B.  The deflationary pressures are intensifying. The market "could" drop 20% from the first quarter high. The global stock markets will top out in the first quarter. Thereafter, the cyclical bear market, started last spring, will reassert itself and continue into the later half of 2012 or into early 2013.

C. The U.S. dollar will have temporary strength. The 10 year treasury may decline to a 1 to 1.2% yield, which will mark the end of the long term secular bull market in bonds. Emerging market currencies and stocks will decline, and he recommends shorting the emerging market ETF EEM. He believes that it "could" fall at least 20% later this year. That is his minimum expectation. Emerging market ETFs are doing very well so far in 2012. EEM rose 40 cents yesterday to close at $41.78, up 10% so far in 2012. I would add that it would not be that unusual for emerging market ETFs to fluctuate within the range predicted by Zulauf,

D. Given his bearish view of China's growth he recommends shorting the Australian dollar.
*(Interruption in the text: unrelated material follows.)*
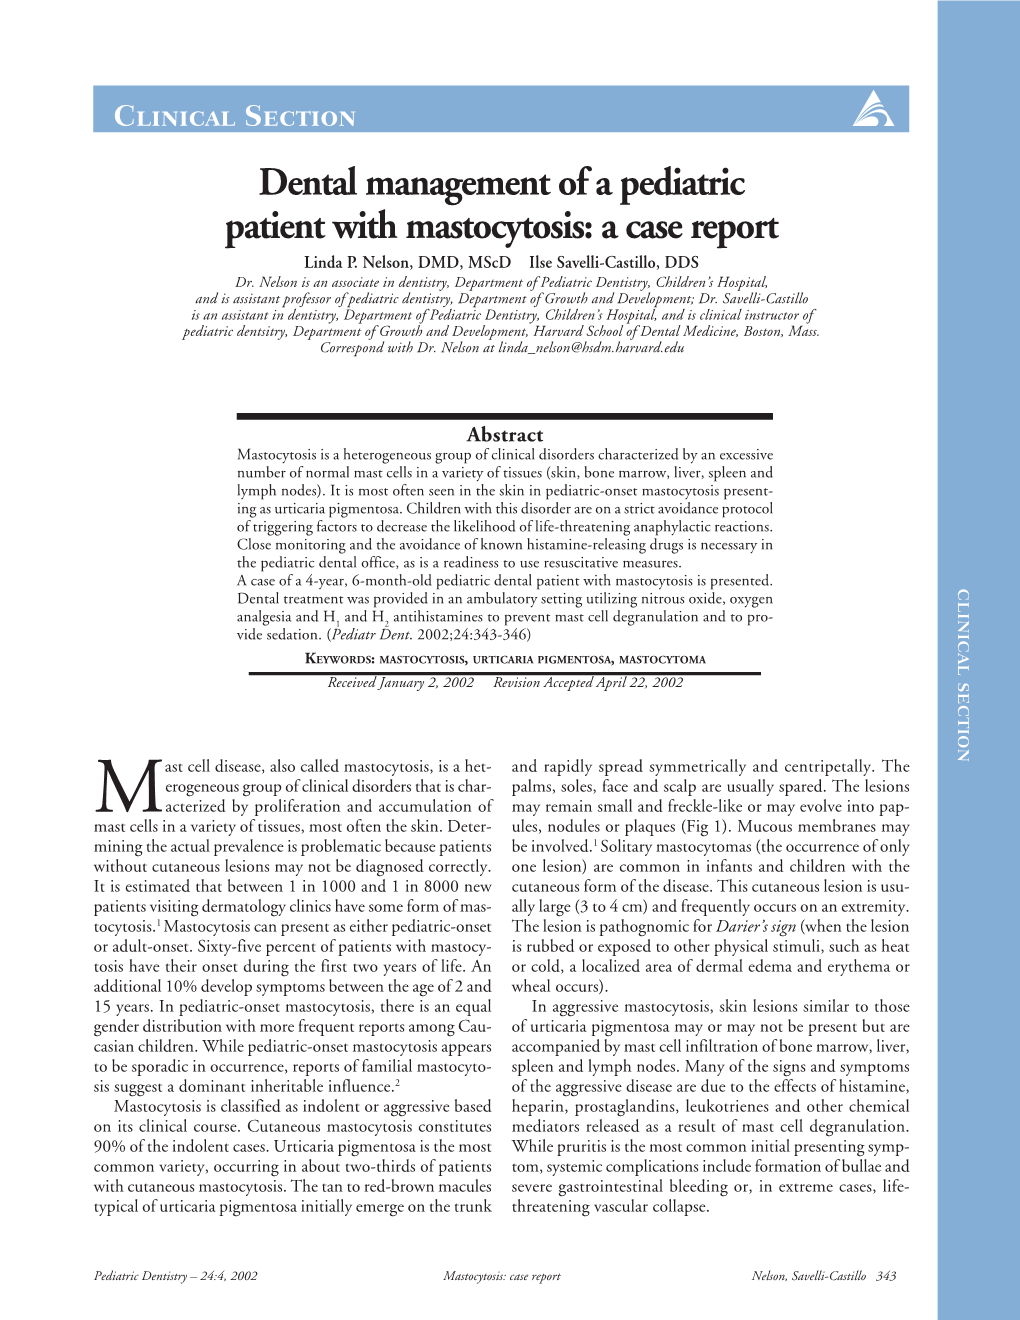 Dental Management of a Pediatric Patient with Mastocytosis: a Case Report Linda P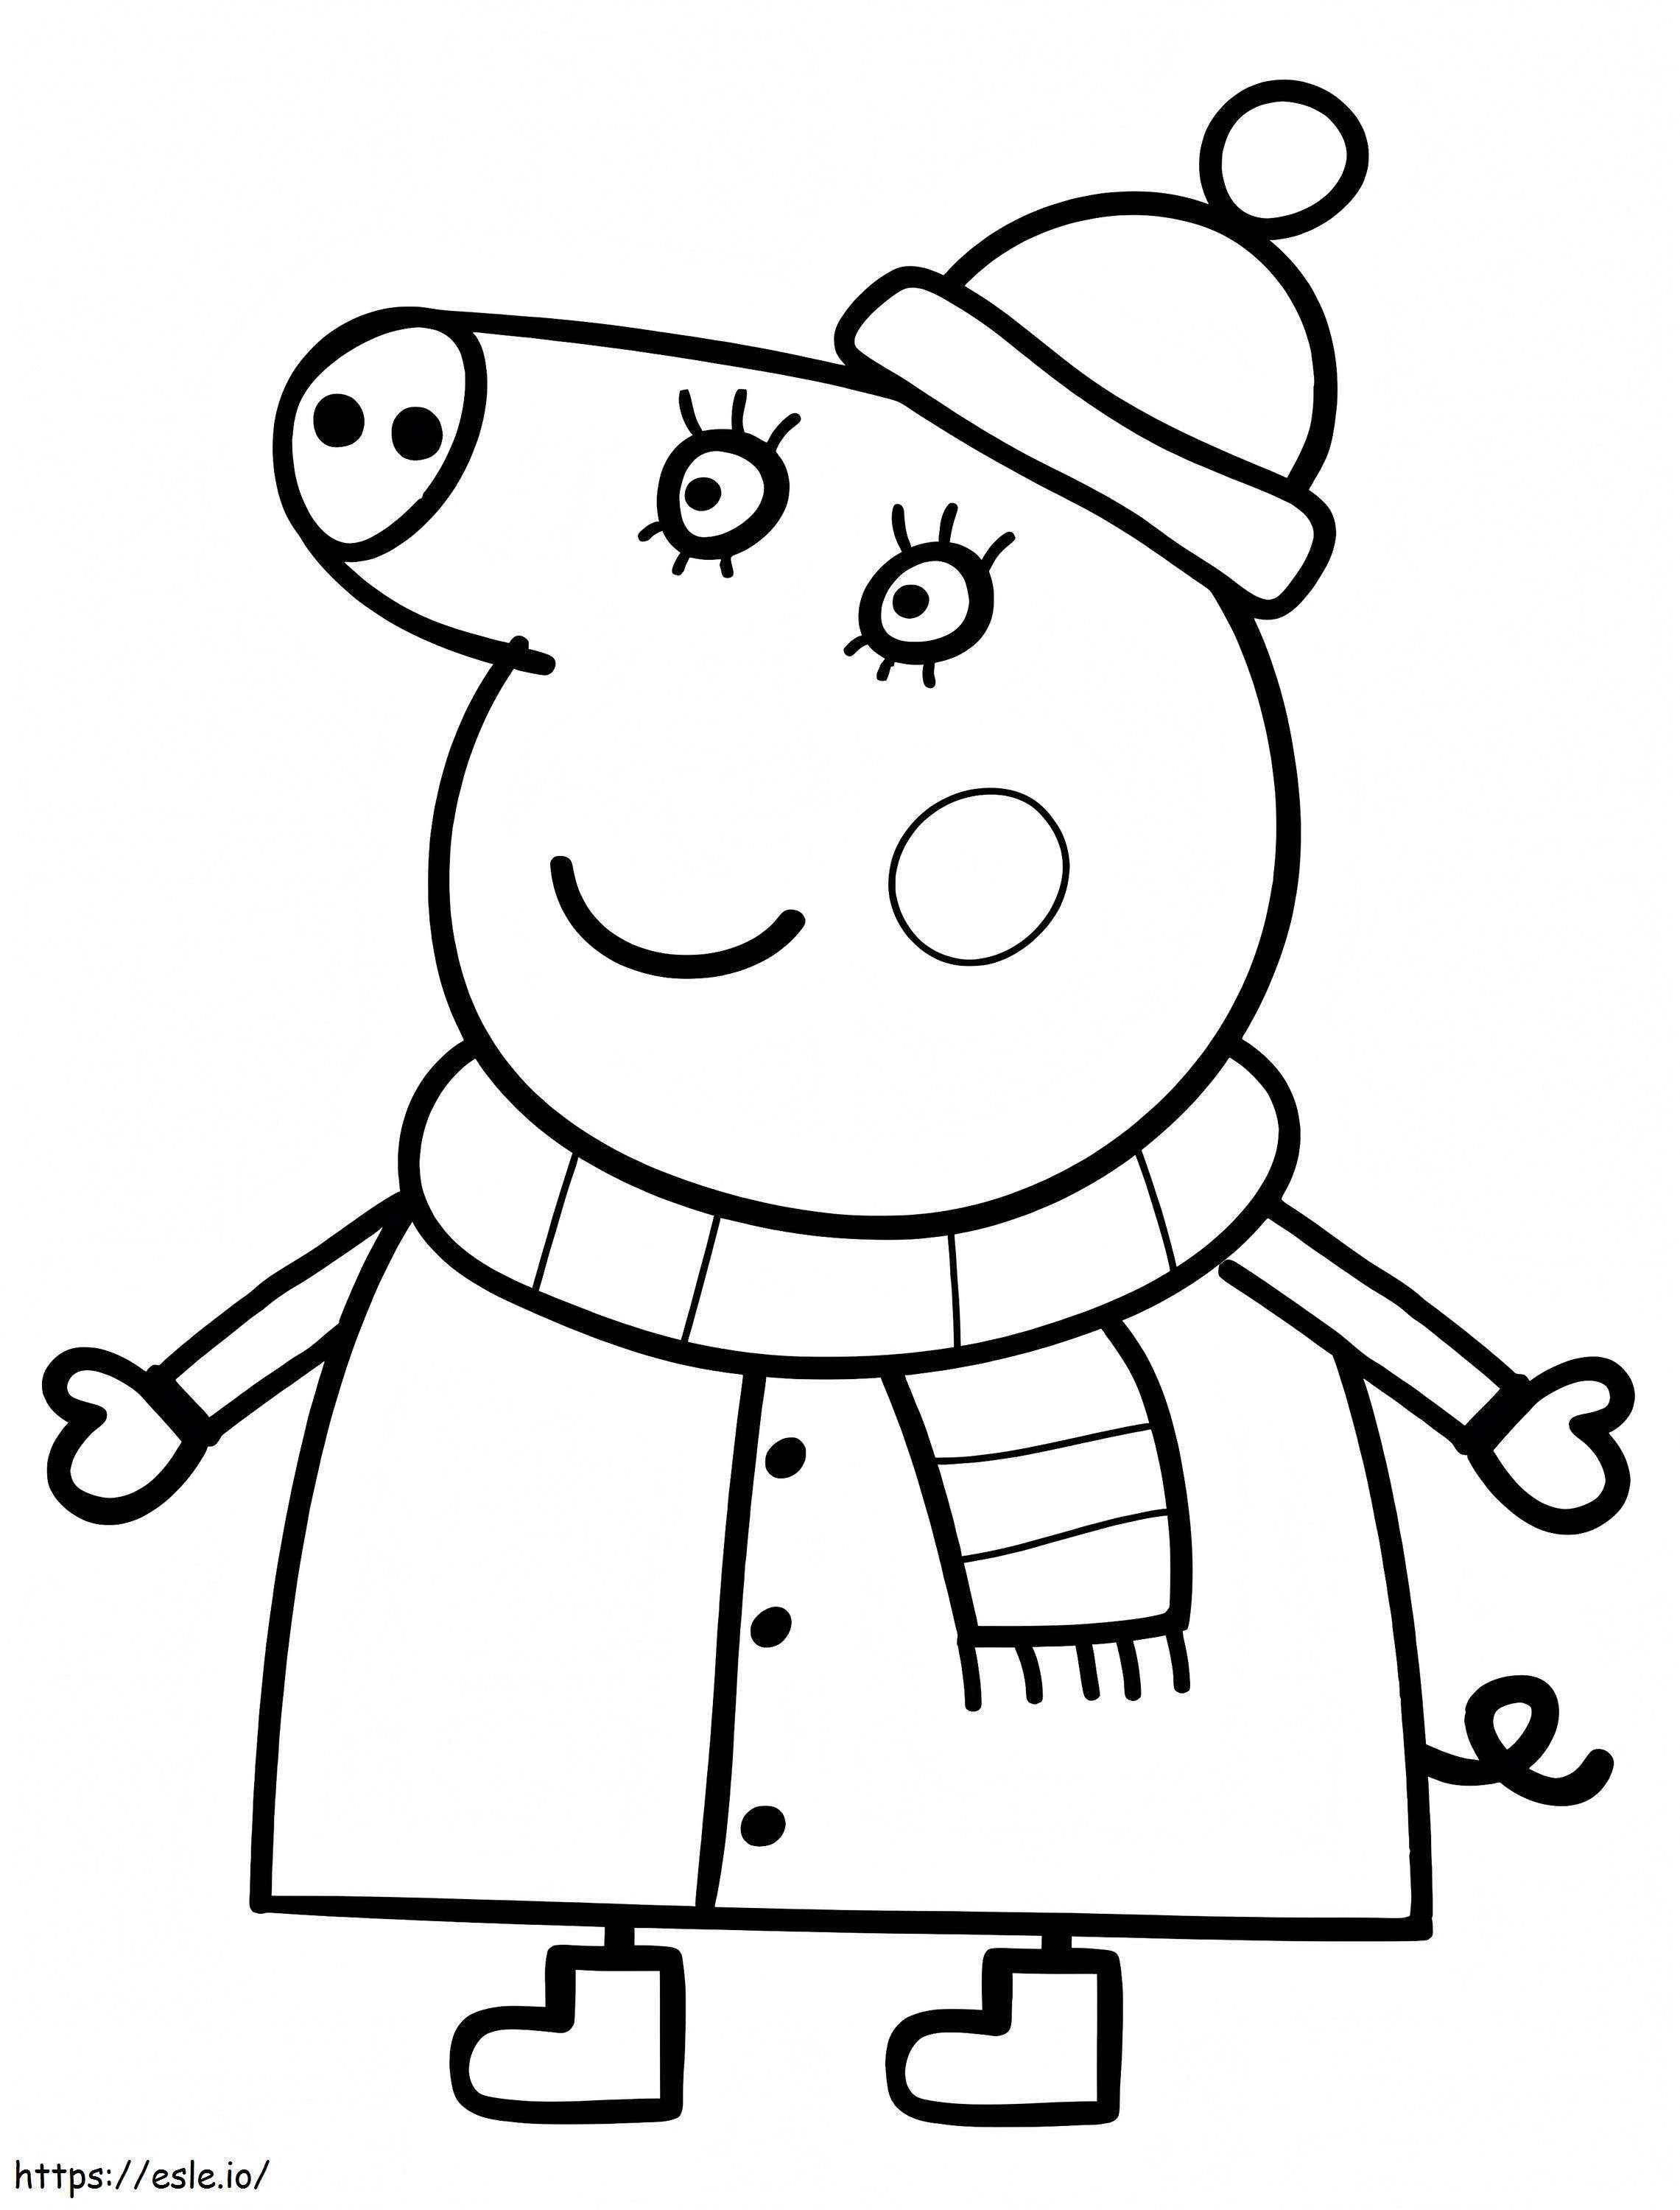 Mom Pig 1 coloring page

One way to short the AUD, which I would not do, would be to short FXA, the currency ETF for the Australian dollar which rose .55% yesterday to close at $105.62.  On the last trading day of 2011, FXA closed at $102.61 and subsequently paid a dividend of $.312 a share. FXA Historical Prices

E. He does not believe there will be a positive outcome to Europe's sovereign debt and bank problems.

Last year, his long recommendations, for the most part, failed miserably. 2011 Roundtable Report Card - Barrons.com

1. Continued to Pare GDO By Selling 100 at $18.72 Last Thursday-Taxable Account (see Disclaimer): This transaction brings me down to 236.082 shares of the bond CEF GDO, held in a taxable account, with another 120 held in the ROTH IRA after a recent pare.  Sold 100 GDO at $18.46 The rational for selling these shares is discussed in that post. The shares sold last Thursday at $18.72 were bought in March 2010 at $18.46. So, I broke even on the shares and received almost two years of dividends. At a total cost of $18.72, the dividend yield is close to 8.17% at the current monthly distribution rate of $.1275. 

The OG is content accepting that yield without losing money on the shares. 

GDO went ex dividend for its monthly distribution on Wednesday, the day before the last sale so I will receive one more monthly dividend on the 100 shares sold last Thursday. 

On the day of my sale, the net asset value per share was $18.78.

Yesterday, Western Asset Global Corp Defined Opportunity Fund closed at $18.69 with a net asset value of $18.84. 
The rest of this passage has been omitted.